COLLECTED MATERIAL:
───
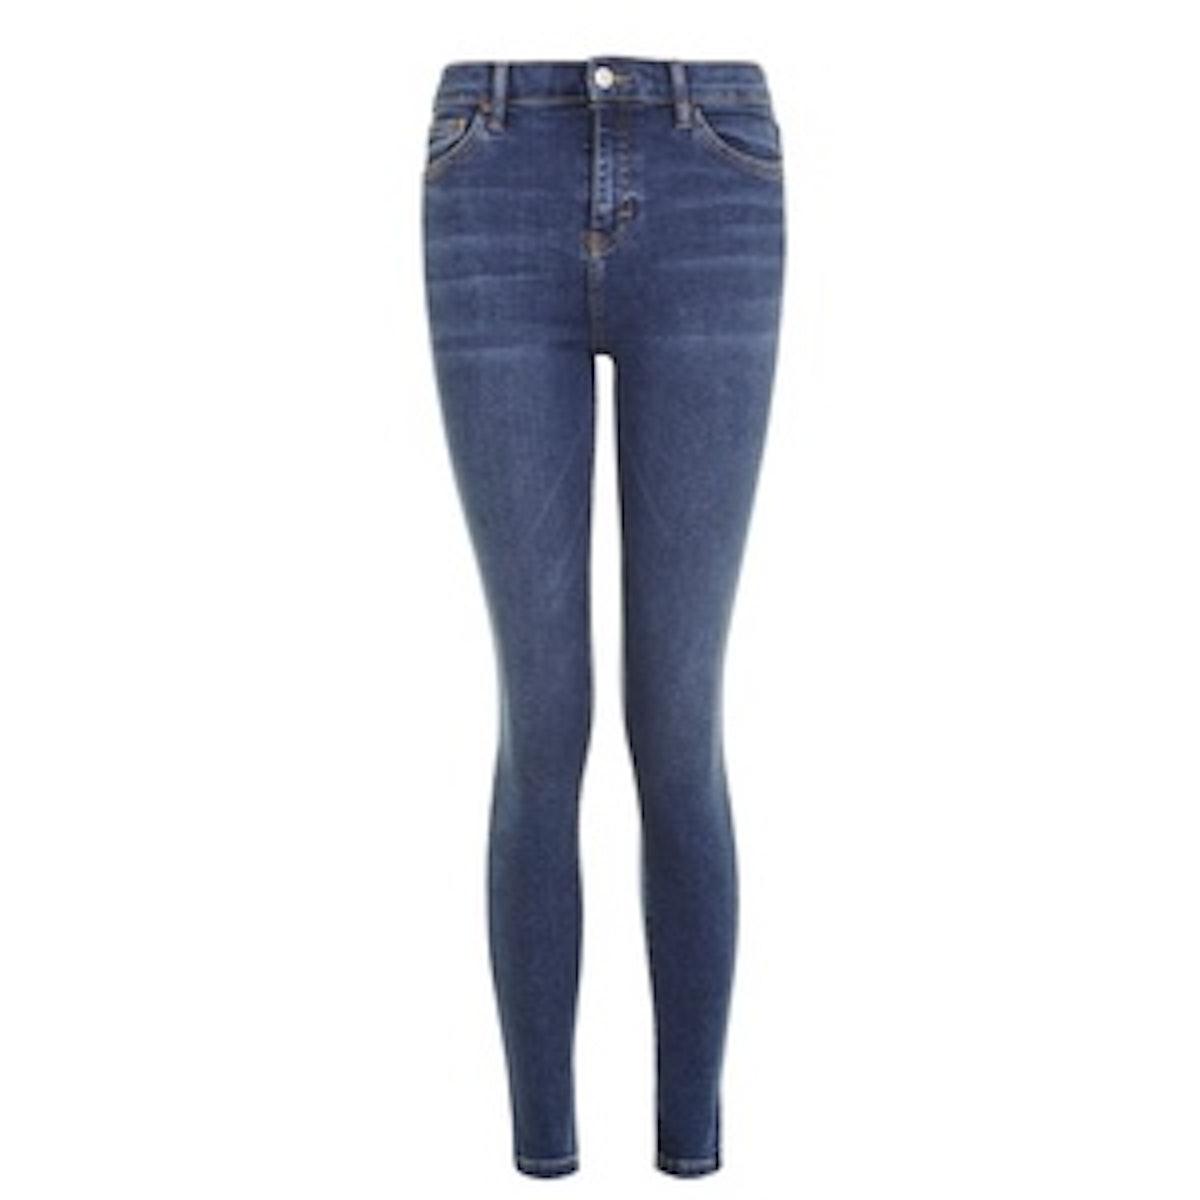 MOTO Rich Indigo Jamie Jeans
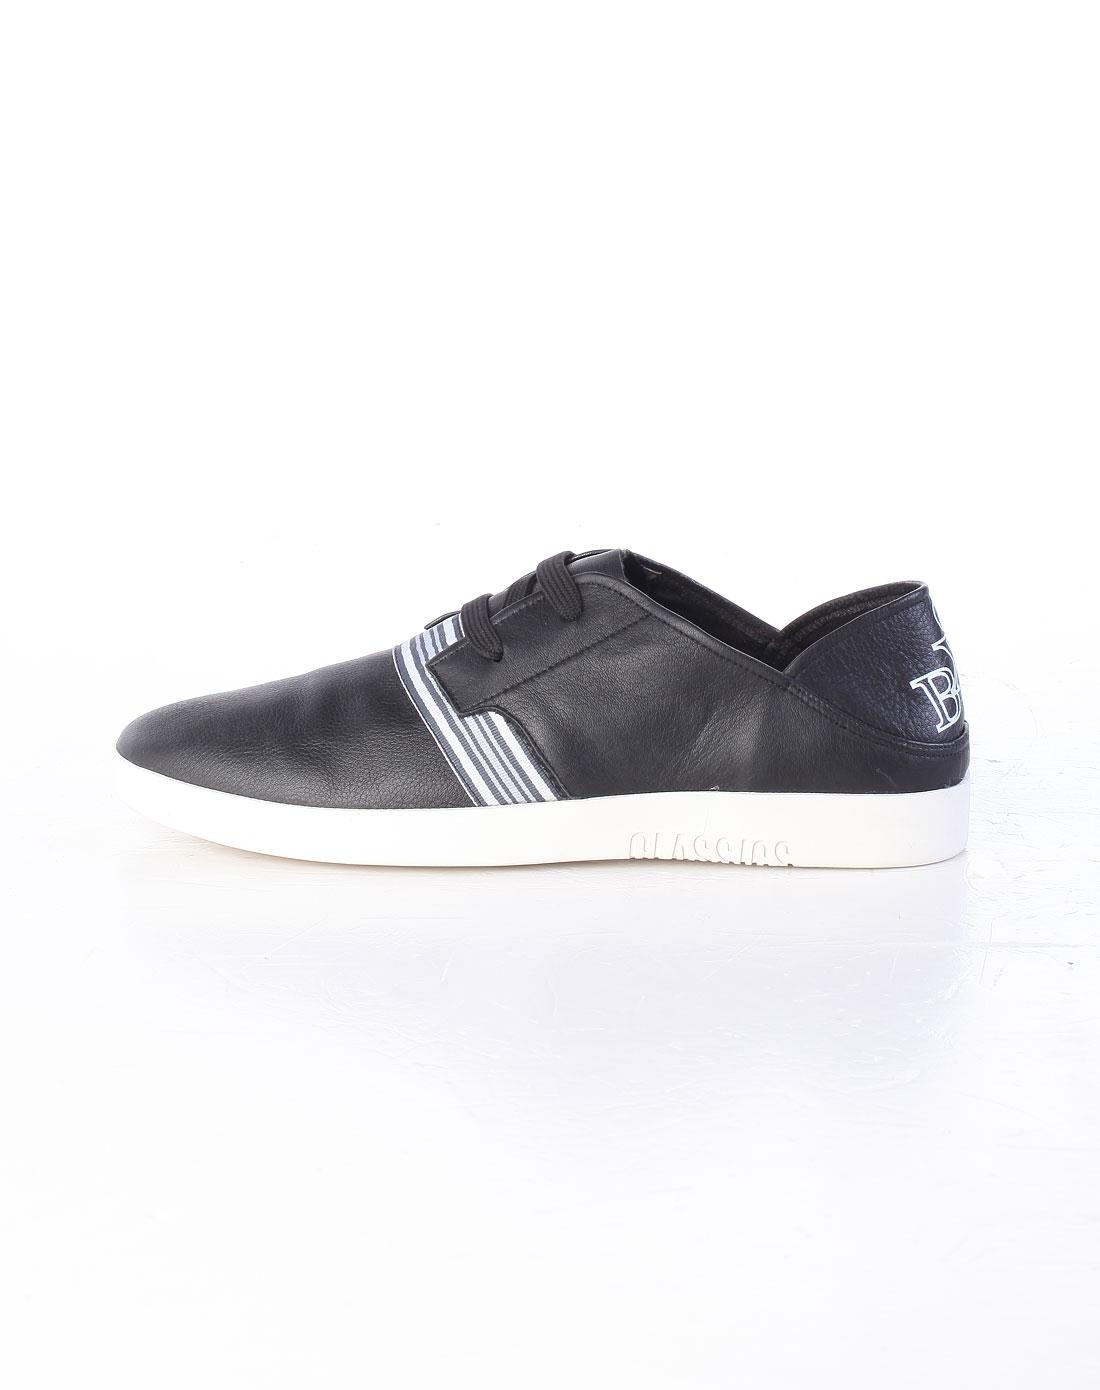 黑/白色裂纹休闲皮鞋_保罗·盖帝plo·cart
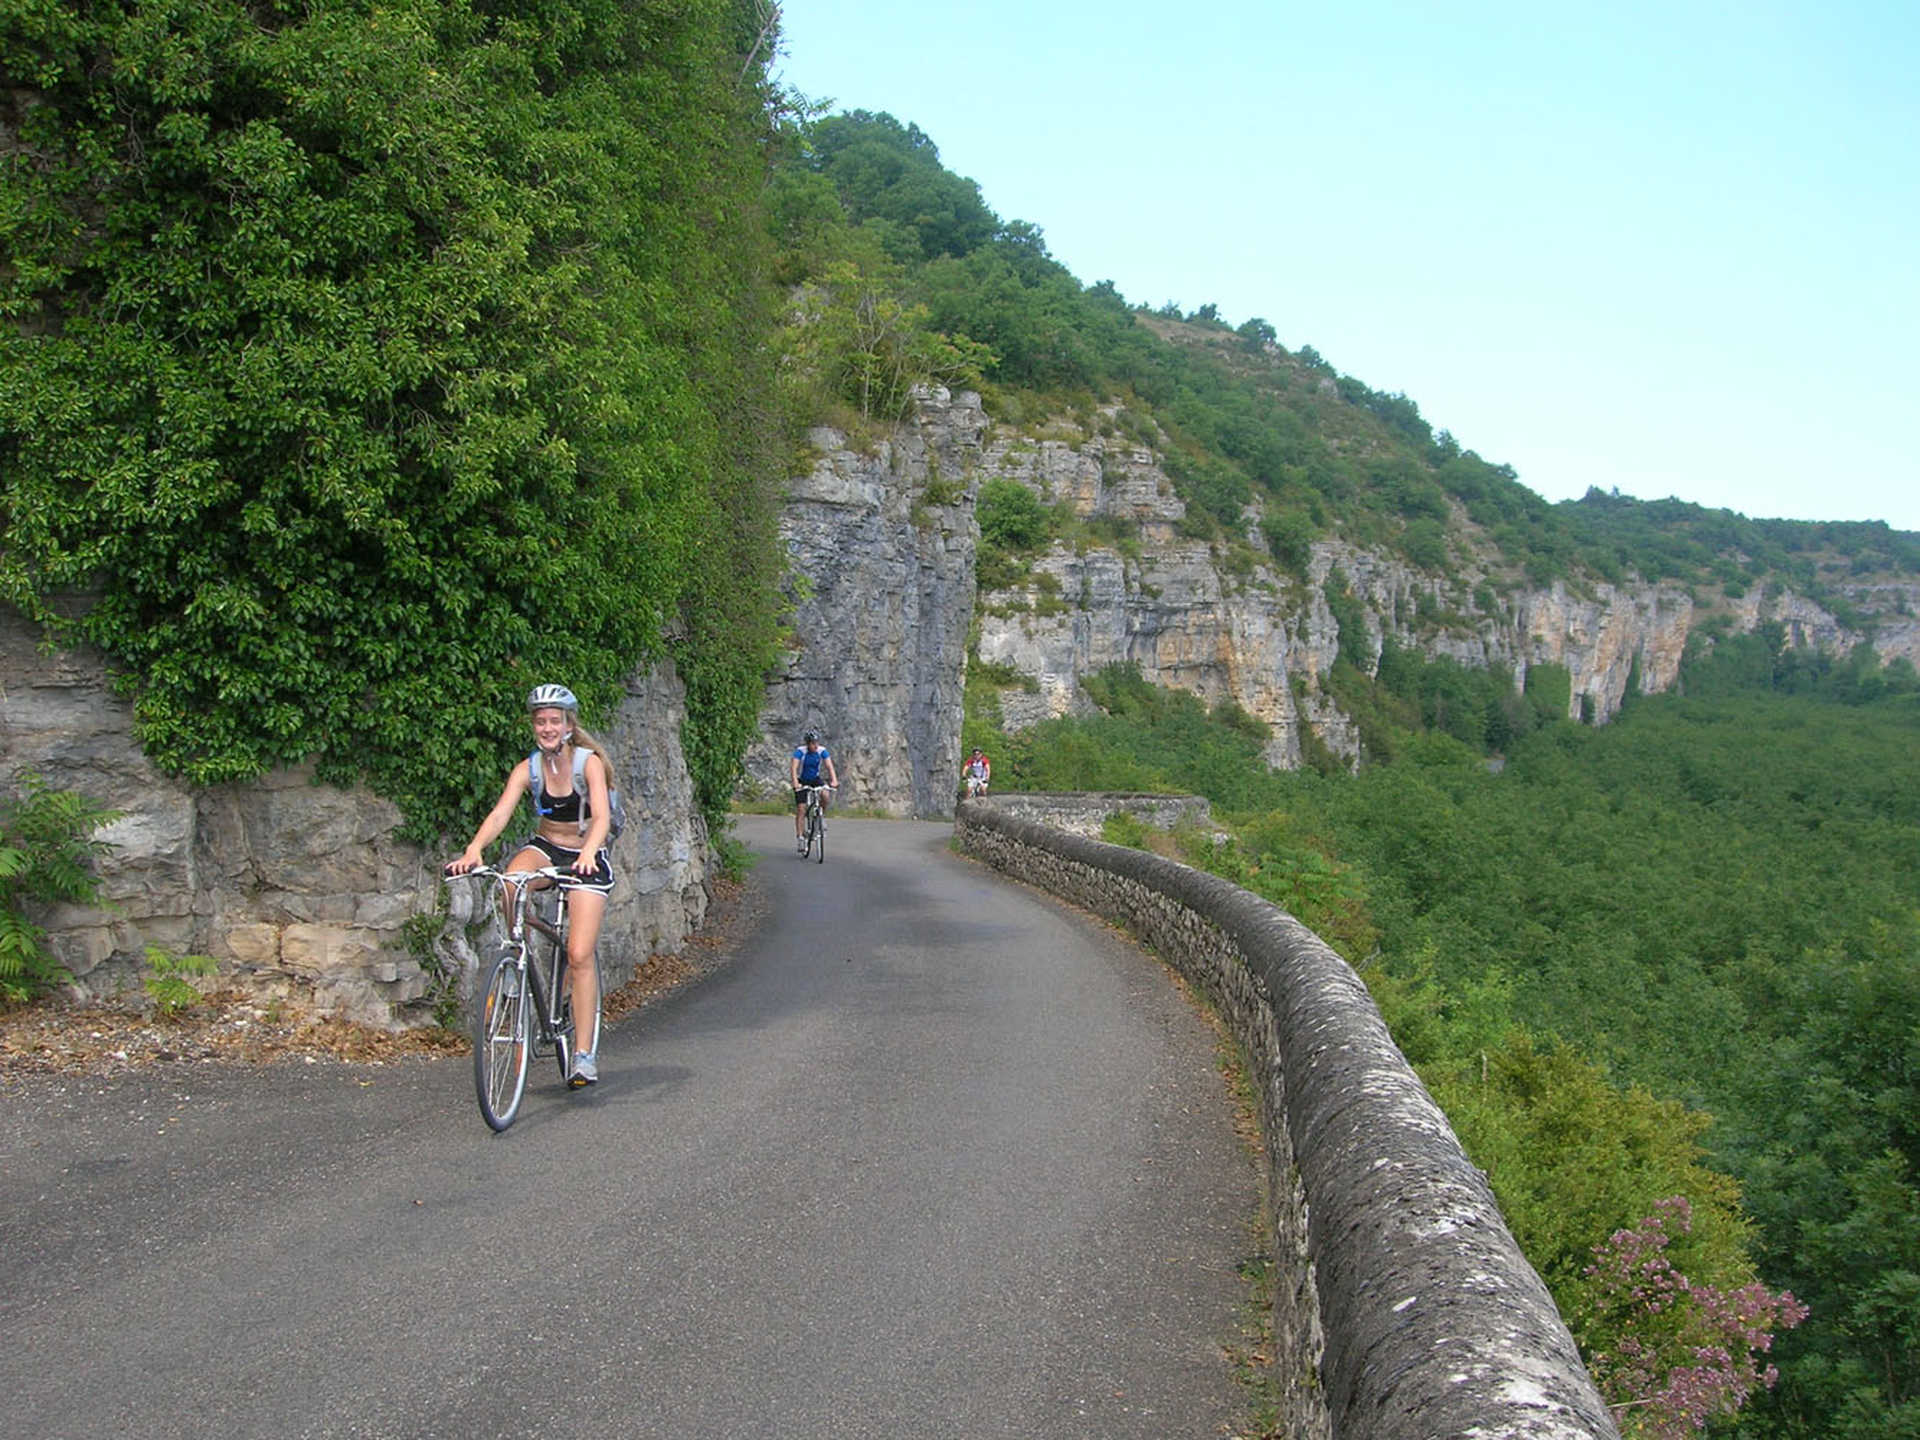 Cyclistes Périgord Sud-Ouest France
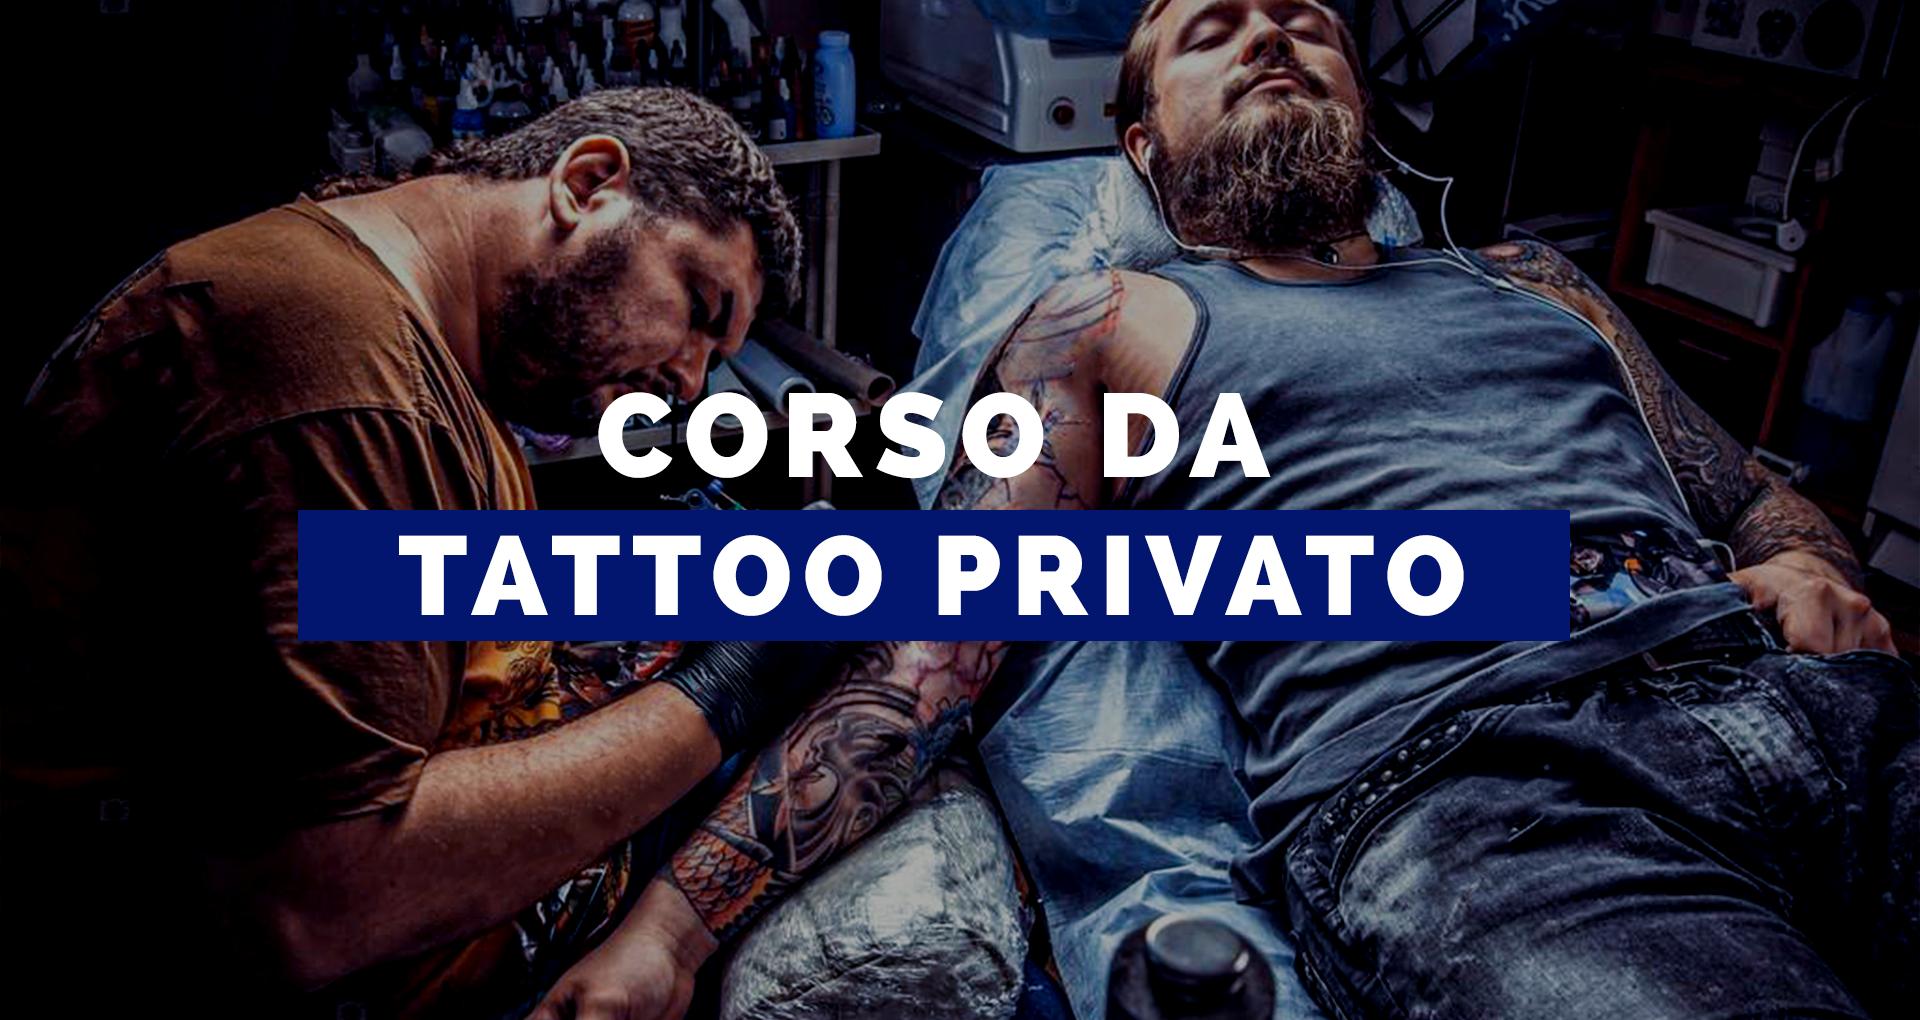 Tattoo Privato
───
THE TASK:
Give again, exactly, each line from the one that contains "Cyclistes Périgord Sud-Ouest France" through the last line of the material above. Pictures do not belong in the copy.

RESULT FOR THIS TASK:
 Cyclistes Périgord Sud-Ouest France
 Tattoo Privato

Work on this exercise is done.